Tanto Goethe, quanto Charlotte estão enterrados no cemitério Fürstengruft, assim como membros da família Wieland e Herder. Isso porque era desejo do arquiduque Carl August que os poetas da corte, principalmente Goethe e Schiller, fossem enterrados ali. No entanto, uma análise feita pela Klassik Stiftung mostrou que os restos mortais atribuídos a Schiller não eram realmente dele. Desde então, o túmulo permanece vazio.
Sobre a mesa de trabalho de Goethe, ou até mesmo penduradas na janela da casa, é comum encontrar tranças de cebolas como enfeite. Esse é um antigo costume da Turíngia, onde está Weimar. O primeiro mercado de cebolas realizado lá ocorreu em 1653 e a tradição segue até os dias de hoje, transformada numa das maiores festas populares do Estado. Sempre no mês de outubro - a comemoração em 2011 está marcada para o dia 7 -cebolas de todas as cores, ramos de enfeites e o cheiro delicioso das Zwiebelkuchen (uma torta alemã de cebola e bacon) se espalham pela cidade. Quem não aprecia o vegetal não precisa ficar preocupado, pois a região também tem várias deliciosas especialidades à base de salsicha e batatas.

Terra do teatro e da Bauhaus

                                                                                Klassik Stiftung Weimar

Para conferir as diferentes fases do desenvolvimento da cidade, do clássico ao moderno, circular pela Praça do teatro (Theaterplatz) é uma boa pedida. Ali, desde 4 de setembro de 1857, quando das comemorações do centenário de nascimento de Carlos Augusto, o monumento em que os escritores Goethe e Schiller aparecem abraçados – e que virou símbolo de Weimar – domina a paisagem da praça, entre o Museu da Bauhaus e o Teatro da Alemanha. O primeiro diretor da casa de espetáculo, construída em 1779, foi, adivinhe, Goethe. Desse período, até 1817, o espaço recebeu as apresentações de nada menos que 4.800 peças. Em frente ao teatro, o Museu da Bauhaus, inaugurado em 1995, relembra o legado da vanguardista escola de design e arquitetura, criada em 1919.  Dedicada a modernizar este segmento, a Bauhaus revolucionou o conceito de belo, estética e todo o paradigma do designer. No entanto, o inovador movimento teve vida curta. Em 1925, por conta de problemas políticos com os círculos conservadores, a escola foi deslocada para a cidade de Dessau e, entre 1932 e 1933, os nazistas impuseram o fechamento de todas as unidades na Alemanha.
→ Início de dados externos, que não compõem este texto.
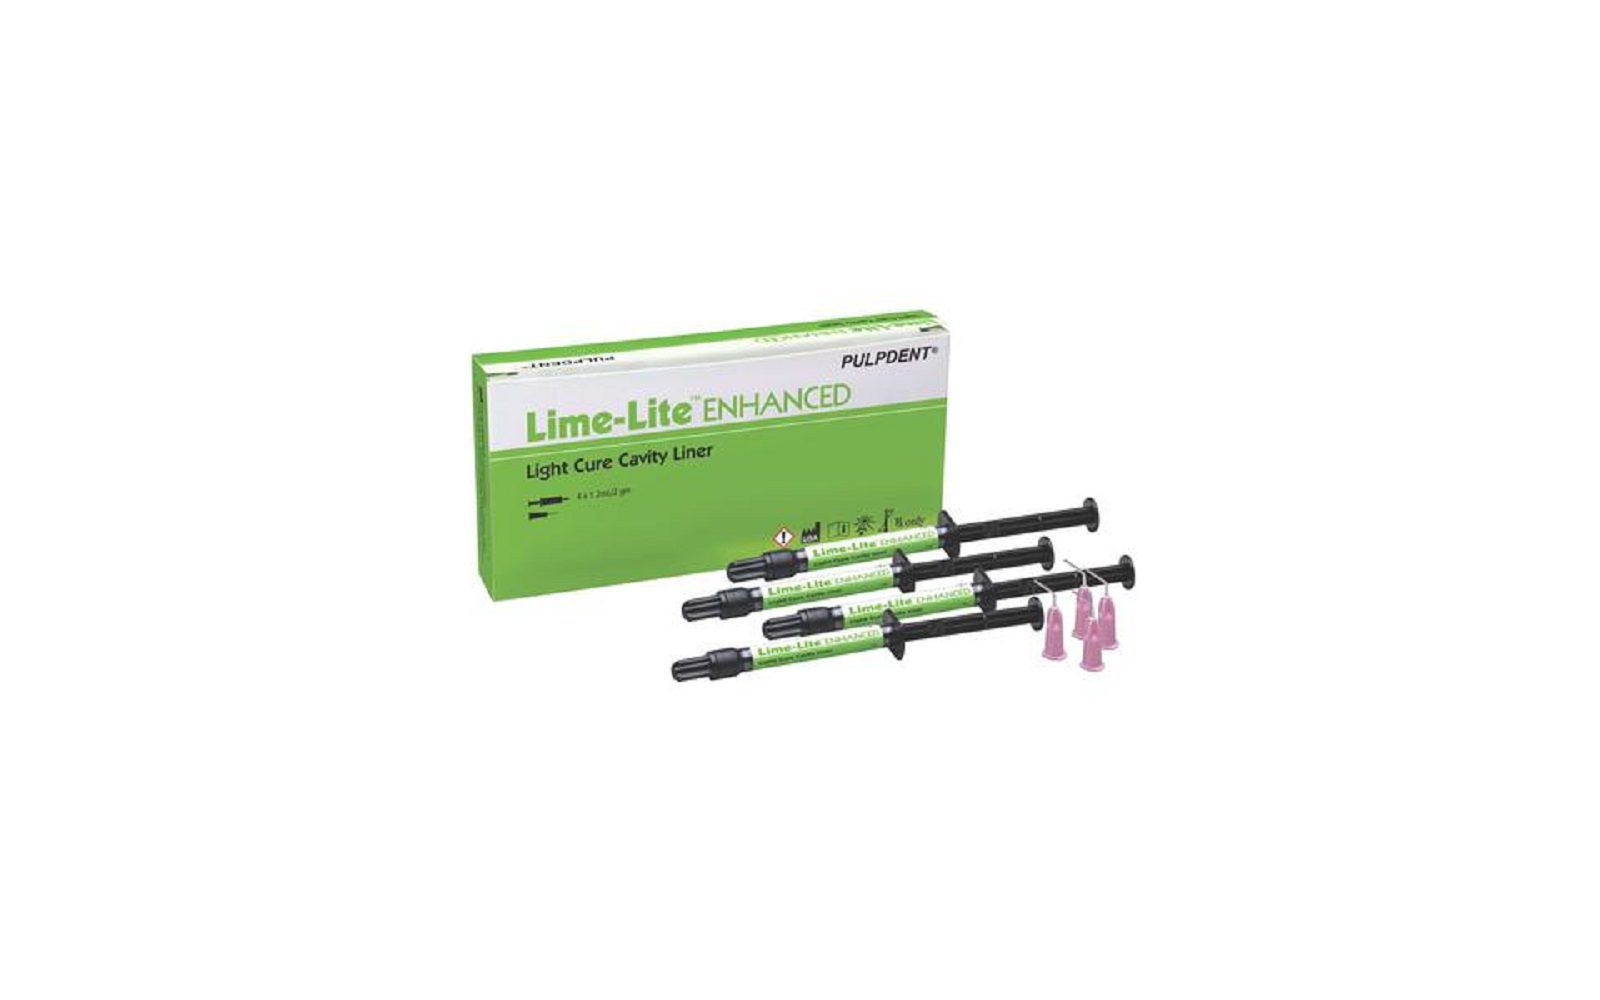 Lime-lite™ enhanced light cure cavity liner kit

Foi exatamente durante a ascensão desse regime que o lado obscuro de Weimar entrou para a história. Os nazistas queriam tirar proveito da imagem de “protetores da alta cultura alemã” e deixaram suas marcas também em Weimar. A pior delas foi o campo de concentração Buchenwald, um dos maiores que existiam na Alemanha, construído em 1937, na área noroeste da montanha Ettersberg.
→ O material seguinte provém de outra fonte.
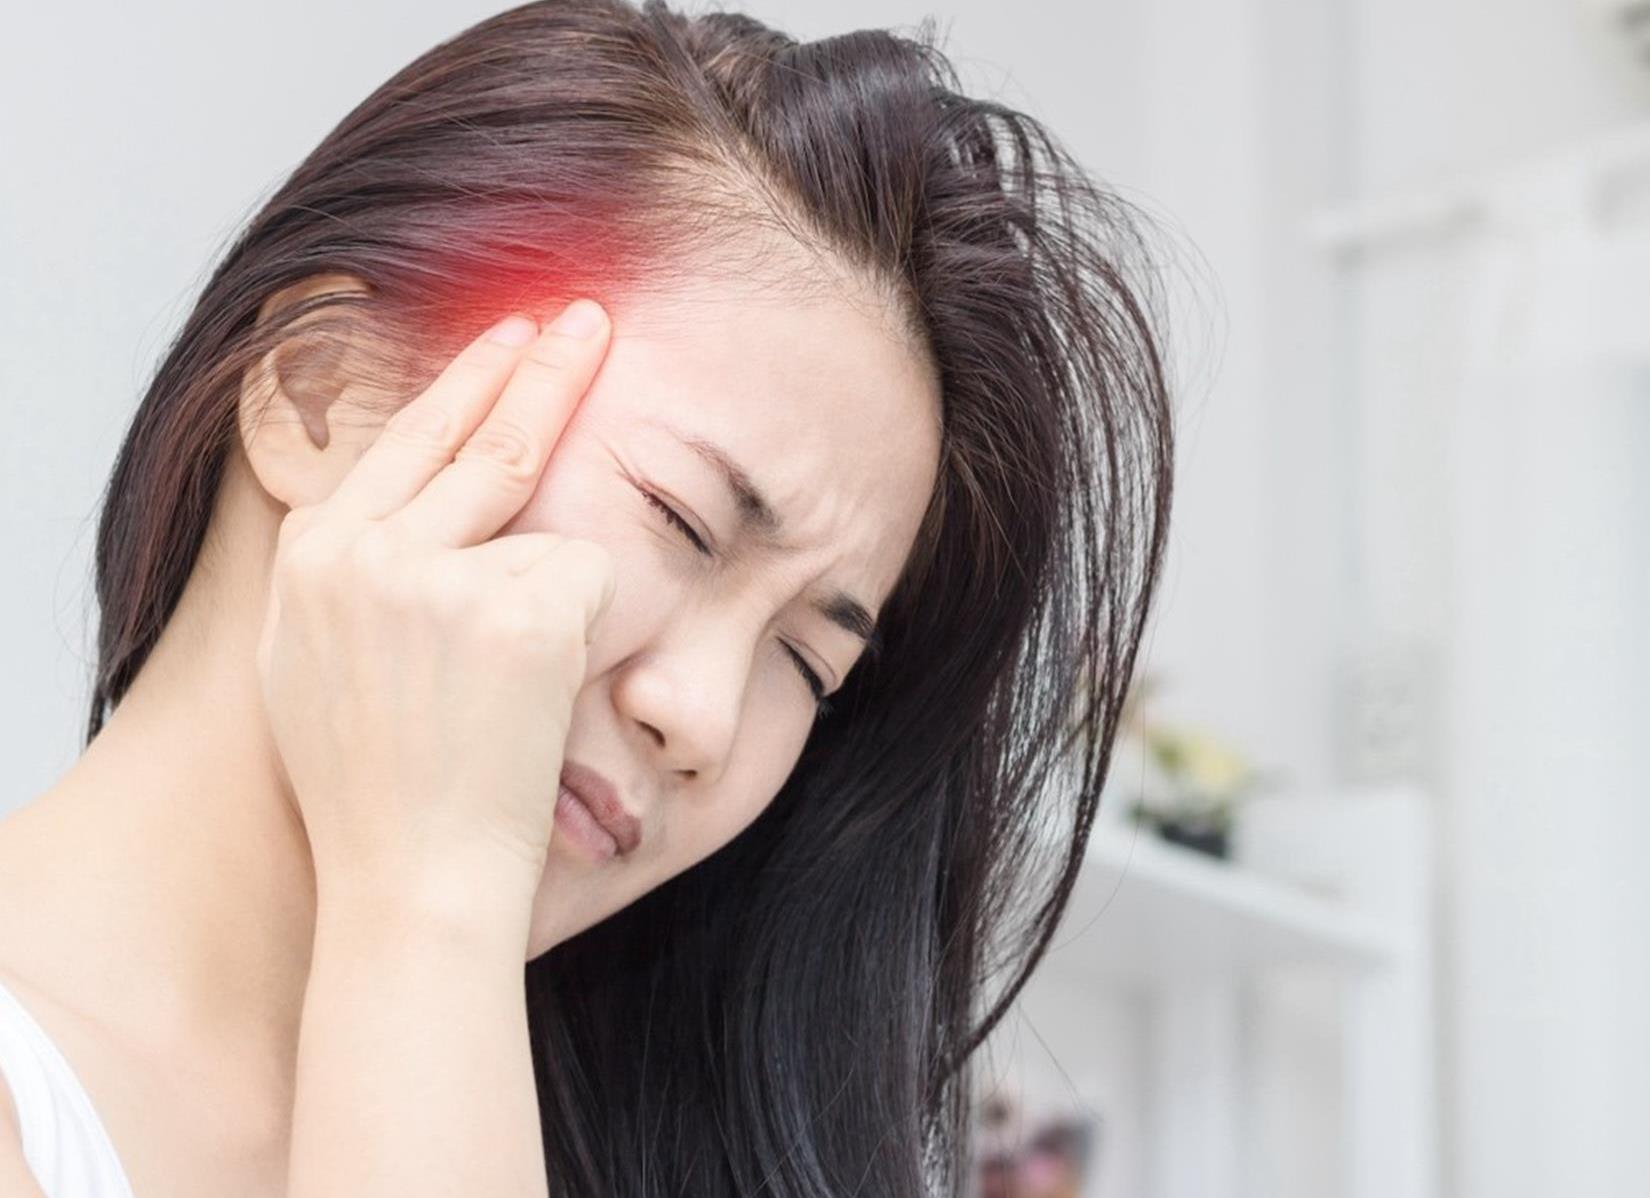 Bahaya Sering Sakit Kepala, Kapan Harus ke Dokter?

No século 18, época do Classicismo no país, Ettersberg era uma região procurada para românticas excursões, uma vez que seus belíssimo cenário ajudava os escritores a encontrar inspiração. Como quase tudo em Weimar, a montanha também está associada ao nome de Goethe, que se abrigava embaixo dos carvalhos para escrever.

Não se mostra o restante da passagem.